If you want to specify different values, follow the instructions on the MDCS wiki page MATLAB Distributing Computing Server#Advanced usage: Specifying resources. A common case is that the default memory of 1500M is not enough. You may therefore need to specify, e.g., 2 to 4 GB of memory. Note that this needs to be done before each new job submission.
The “job Monitor” in Matlab (Parallel > Job Monitor) shows you all your finished/queued/running jobs. If you are using a Matlab version not featuring the job monitor, you can check the status of your job by job.state.
The HERO wiki offers a great resource of much more information about the cluster and how to use it.
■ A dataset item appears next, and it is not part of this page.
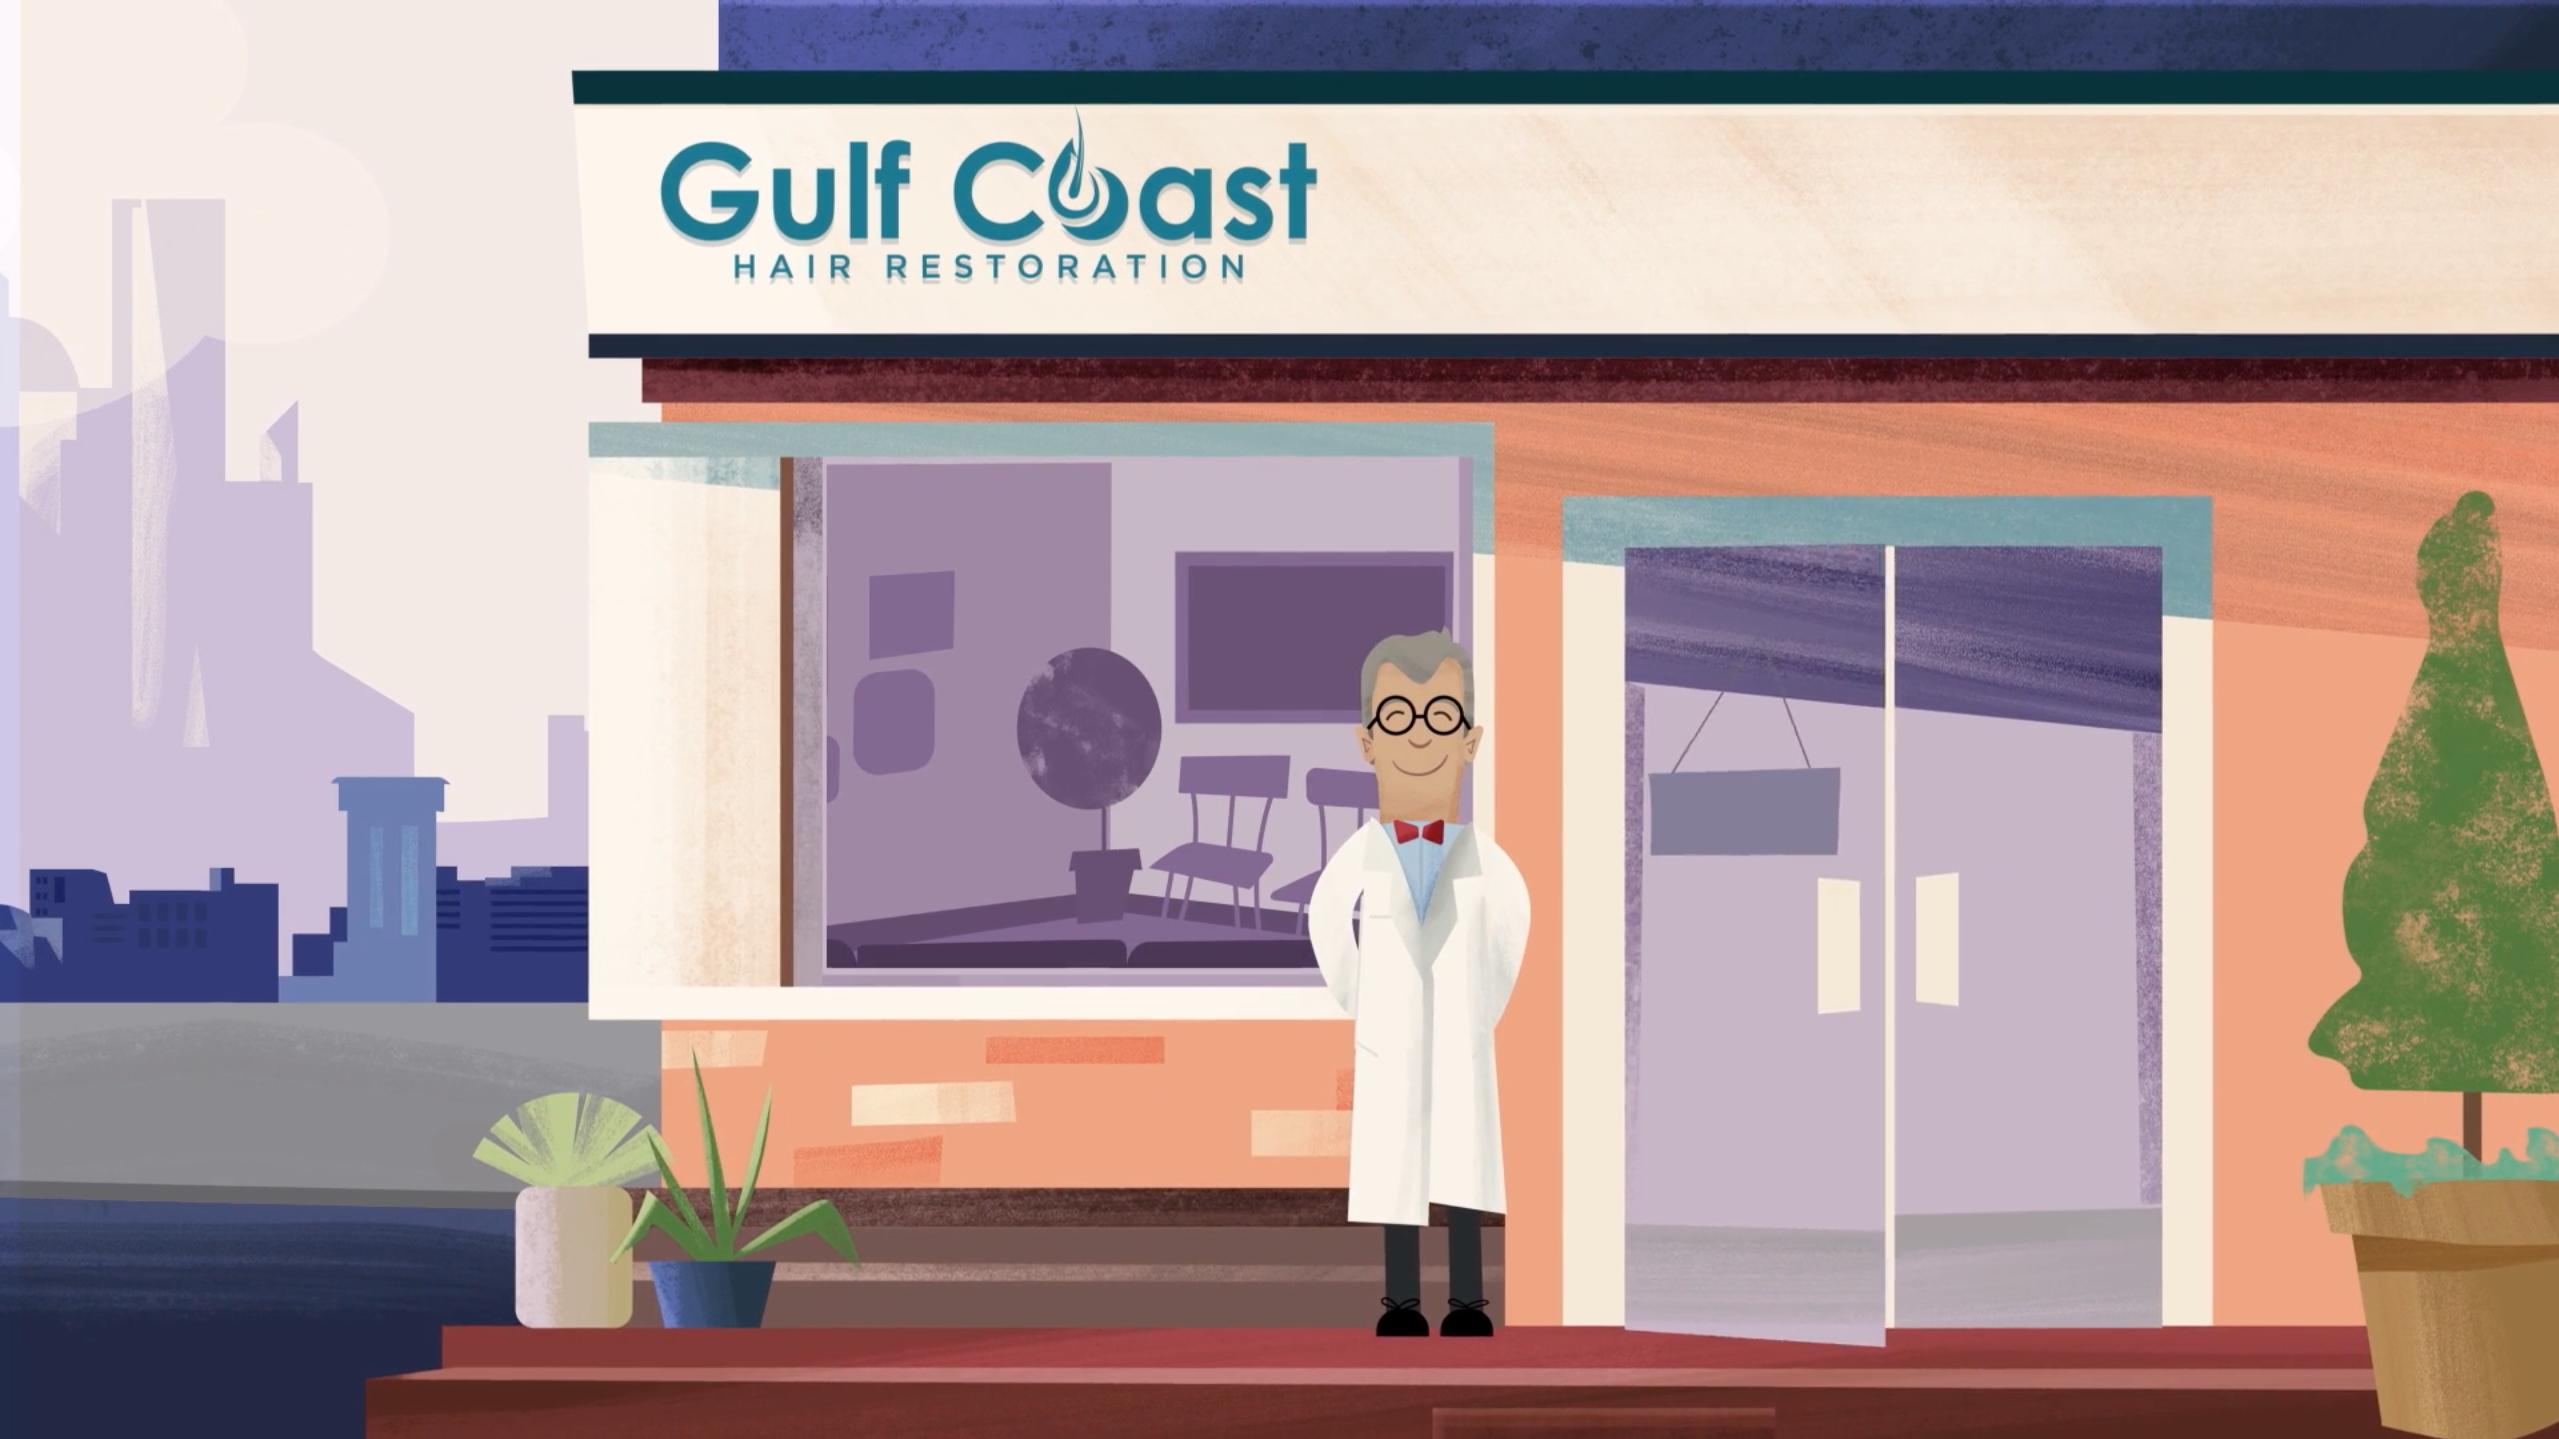 Gulf Coast Hair Restoration

See, e.g., Brief Introduction to HPC Computing#Checking the status of the job
Information on how to use (and account for restrictions of) parfor-loops is found here: http://blogs.mathworks.com/loren/2009/10/02/using-parfor-loops-getting-up-and-running/
Debugging in parfor-loops is not possible when they are executed in parallel. A reasonable way forward to implement your scripts (similar to this minimal example) is therefore to first test your scripts local on your PC with MDCS (with opening a local matlab pool) and only if that works going on the cluster.